Всякое изменение в устоявшейся картине мира вызывало во мне новый приступ горя. Так, настоящим потрясением стала для меня замена обеденных столов. Как-то утром вместо удобных, хотя слегка и обветшавших столов питомцы детского сада обнаружили длинноногих монстров неестественно желтого цвета. Дома я сказал, что, сидя за этими столами, невозможно достать до еды, и предложил не отправлять меня в сад. Звучало это еще менее правдоподобно, чем в случае с лампами, и в сад я был отведен.
Каково же было мое удивление, когда на следующий день ножки у столов оказались укорочены (отпиленные их части были аккуратно сложены в углу), столы опустились до нужного уровня, и блюда детсадовской кухни стали вновь доступны. Радость от этих блюд была небольшой, но возвращение привычного размера столов подействовало на меня успокоительно.
(Педагогическая вставка: маленькие люди не любят перемен. Они любят, чтобы сегодня было так же, как вчера, а завтра – как сегодня. Потому, например, не стоит с ними чрезмерно путешествовать: частые поездки их утомляют. А еще мне кажется, что им нравится не столько читать, сколько перечитывать, потому что это возвращение к знакомому…)
Упомянутые мной блюда – отдельная тема, при воспоминании о них мне до сих пор икается. Манная, в комках, каша, красные (под свеклу) бруски в борще, пахнущие хлоркой макароны и резиновые груши компота – меню было, в общем, небогатым. Удержать эти деликатесы в организме удавалось немногим. В моих ушах до сих пор звучат унылые препирательства с воспитательницей относительно того, сколько нужно съесть, а сколько можно оставить.
Вспоминая всё это, я долго сомневался, отправлять ли мне свою дочь в детский сад. И, даже отправив, ждал, не будет ли сад вызывать у нее те же страдания и те же жалобы. По первому сигналу я был готов забрать ее из сада, сказать, уходя, всё, что не высказал в детстве, и проклясть это заведение навеки. Но, к моему изумлению, дочь ходила в детский сад с охотой и даже сердилась, если я забирал ее слишком рано. Это был не мой детский сад, но ведь все они так похожи. Мне не подошел бы любой.

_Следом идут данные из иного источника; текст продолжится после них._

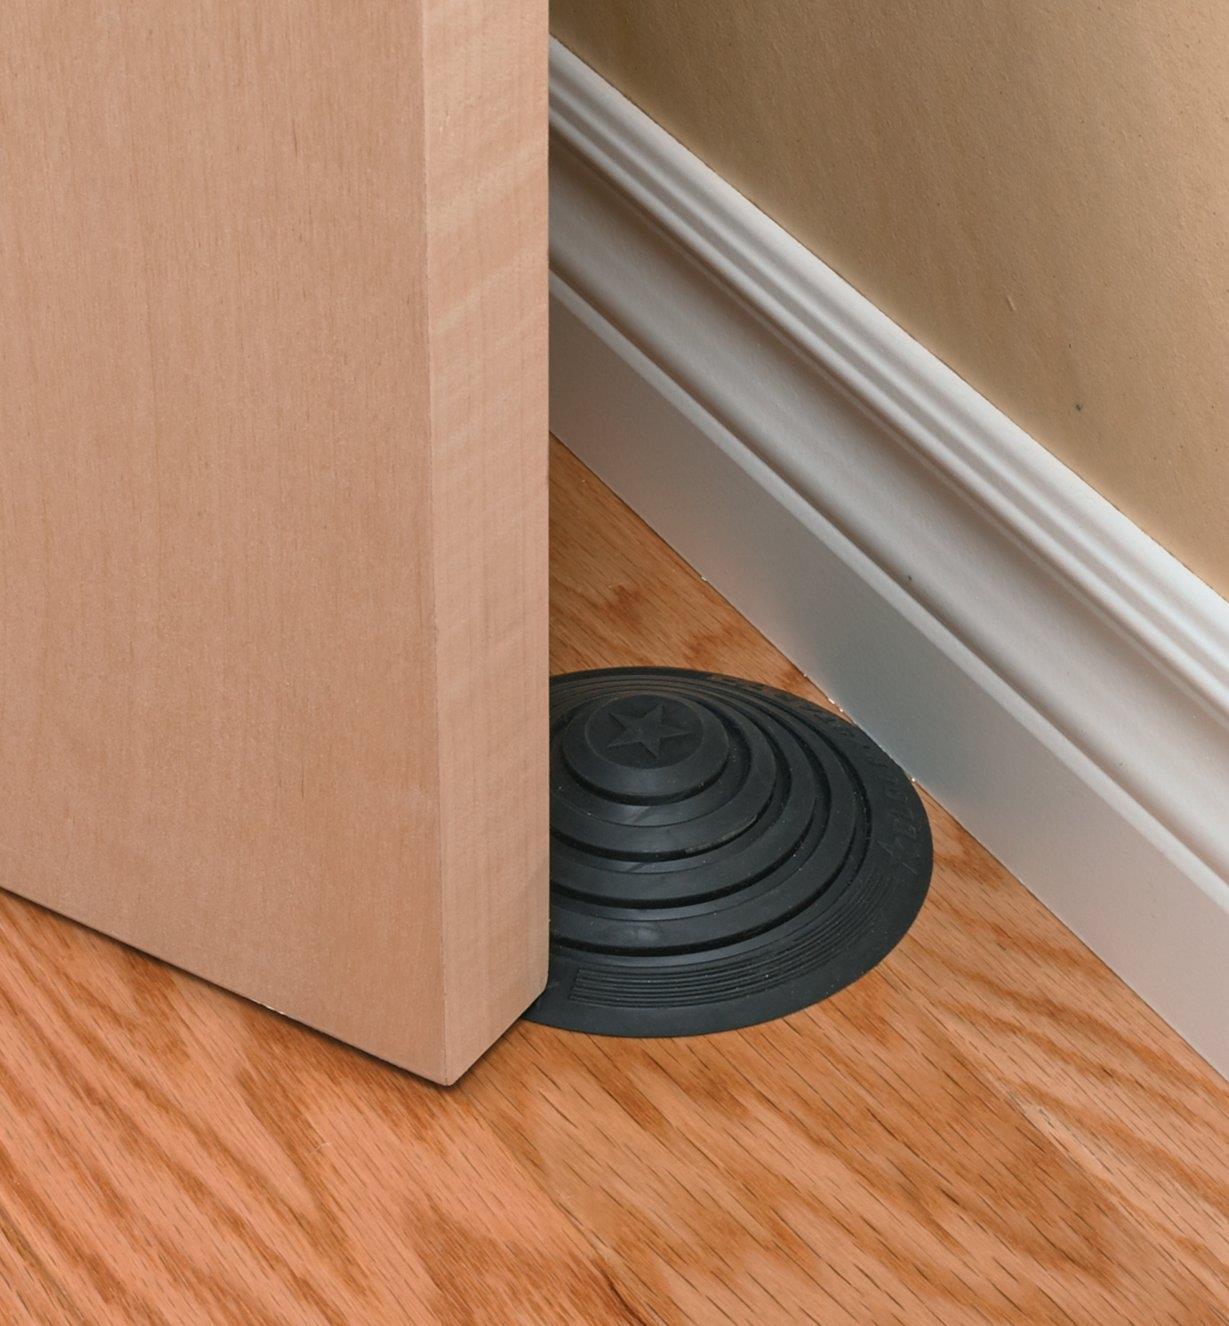 No-Stoop Doorstop preventing a door from hitting baseboards

Впрочем, детские мои страдания со временем тоже закончились. Что-то со мной произошло (говорили: перерос), и годам к пяти с половиной я ходил в сад уже не без удовольствия. Конечно, питание не улучшилось, и я мало что там ел (завтракать, например, мне вообще разрешили дома), но ведь не в еде состояла мучительность моего детсадовского существования. Я больше не впадал в депрессию при мысли о том, что мне нужно идти в сад, общаться, среди прочих, с теми, кого я не любил… Всякое ведь случайное и, пожалуй, не очень добровольное собрание людей предполагает общение с теми, к кому в вольной жизни ты бы не подошел. Оно предусматривает также закрепленное место в иерархии, в то время как очень уж хочется исходить из того, что каждый человек – вне любых конструкций, поскольку неповторим.
Во второй, благополучный, период моей детсадовской жизни с иерархией всё у меня было в порядке. Я имел возможность спокойно стреляться на дуэлях (для этого требовалась довольно высокая степень свободы) и делать всё то, что доступно право имеющему. Более того, сферу доступного я понимал в каком-то смысле шире, чем остальные детсадовцы.

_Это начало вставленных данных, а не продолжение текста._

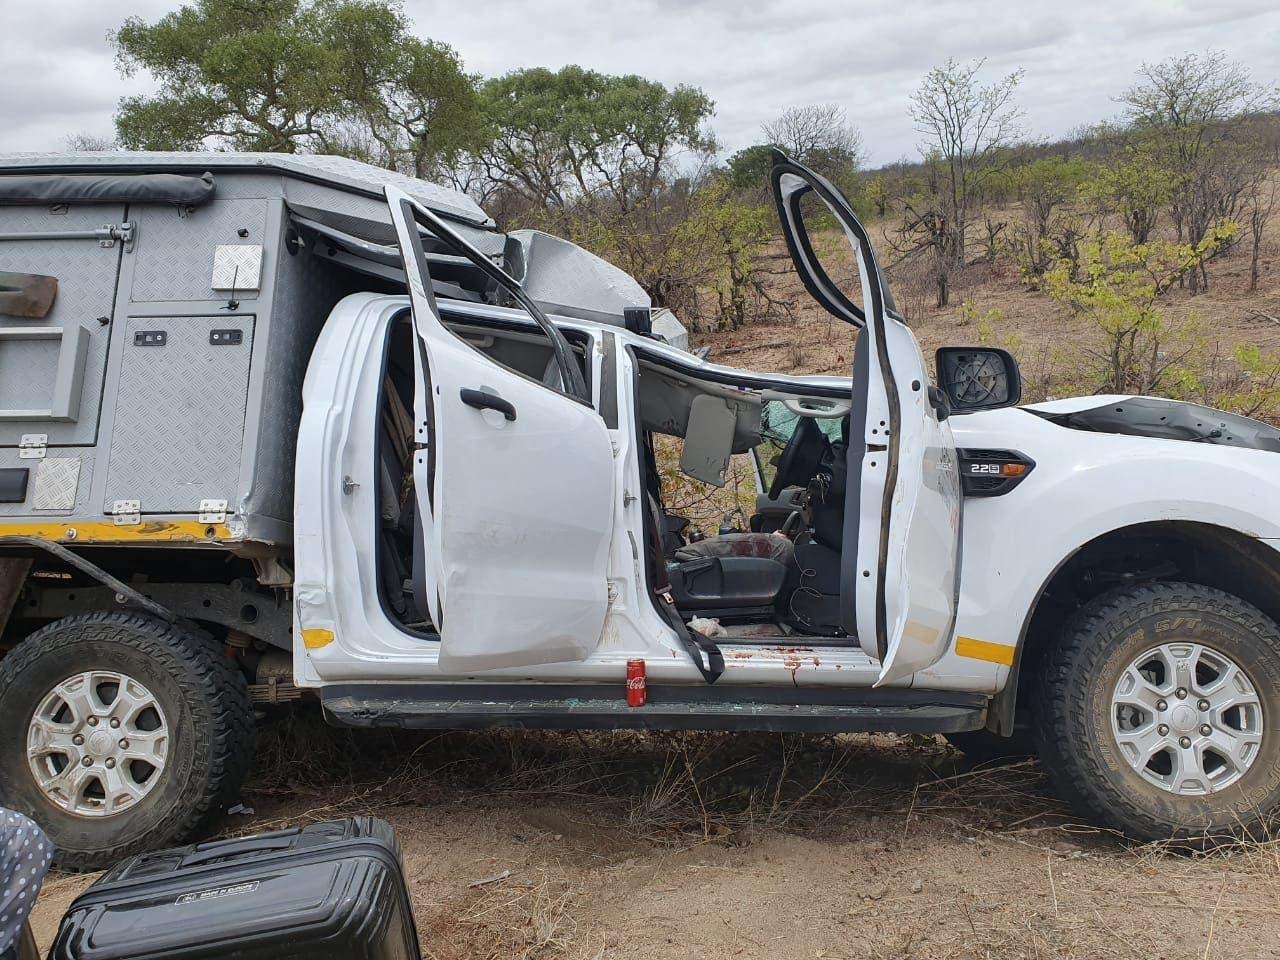 ...worauf das Tier auf einen Safari-Jeep stürzte.

Например, я позволял себе пародировать сотрудниц детского сада, вплоть до (о, ужас!) его заведующей Ады Георгиевны. Мое обращение к образу Ады Георгиевны было связано с ее манерой есть, а точнее – с массой пневматических эффектов, сопровождавших принятие ею жидкой пищи. Успех моего представления был обеспечен, поскольку все знали, как именно она ест: воспитатели и заведующая почему-то ели в одно время с детьми.
Интересно, что поддержка моих пародий не ограничилась воспитанниками детского сада: благодарные зрители нашлись и среди воспитательниц. Как все нормальные люди, воспитательницы не любили начальство, и не любили, надо думать, всей душой. В отсутствие заведующей они просили меня изобразить, как Ада Георгиевна ест рассольник, как пьет горячее молоко – и я не отказывал. Судя по тому, как они хохотали, получалось у меня неплохо. Особенно в номере с рассольником, предполагавшем втягивание в рот не только жидкости, но и огурцов.
Детский сад был маленькой моделью жизни, в которой дни славы и успеха чередуются с периодами неудач. Как-то в советский праздник 23 Февраля наше дошкольное сообщество посетили солдаты близлежащей военной части. Они рассказывали о своей непростой жизни, расспрашивали нас о нашей жизни – тоже непростой, и как-то так незаметно выяснилось, что у моего приятеля Алеши Семенова как раз 23-го день рождения. И тогда ему был сделан подарок: Алешу посадили на стул, и два самых рослых солдата подняли его со стулом к самому потолку. Он сидел там, под потолком, вцепившись в стул обеими руками, и в глазах его страх соединялся с абсолютным счастьем. Смотрел на нас Алеша со своей высоты, а мы стояли вокруг него маленькие – меньше даже, чем обычно. И тут в надежде, что меня тоже поднимут на стуле, я крикнул, что у меня день рождения 21 февраля. Да, я не рассчитывал на то, что меня поднимут на ту же высоту: с датой рождения вышла у меня промашка. С другой же стороны, разница была небольшой, и, в сущности, 21-е – это почти 23-е, так что на половину Алешиной высоты меня уж можно было как-нибудь поднять.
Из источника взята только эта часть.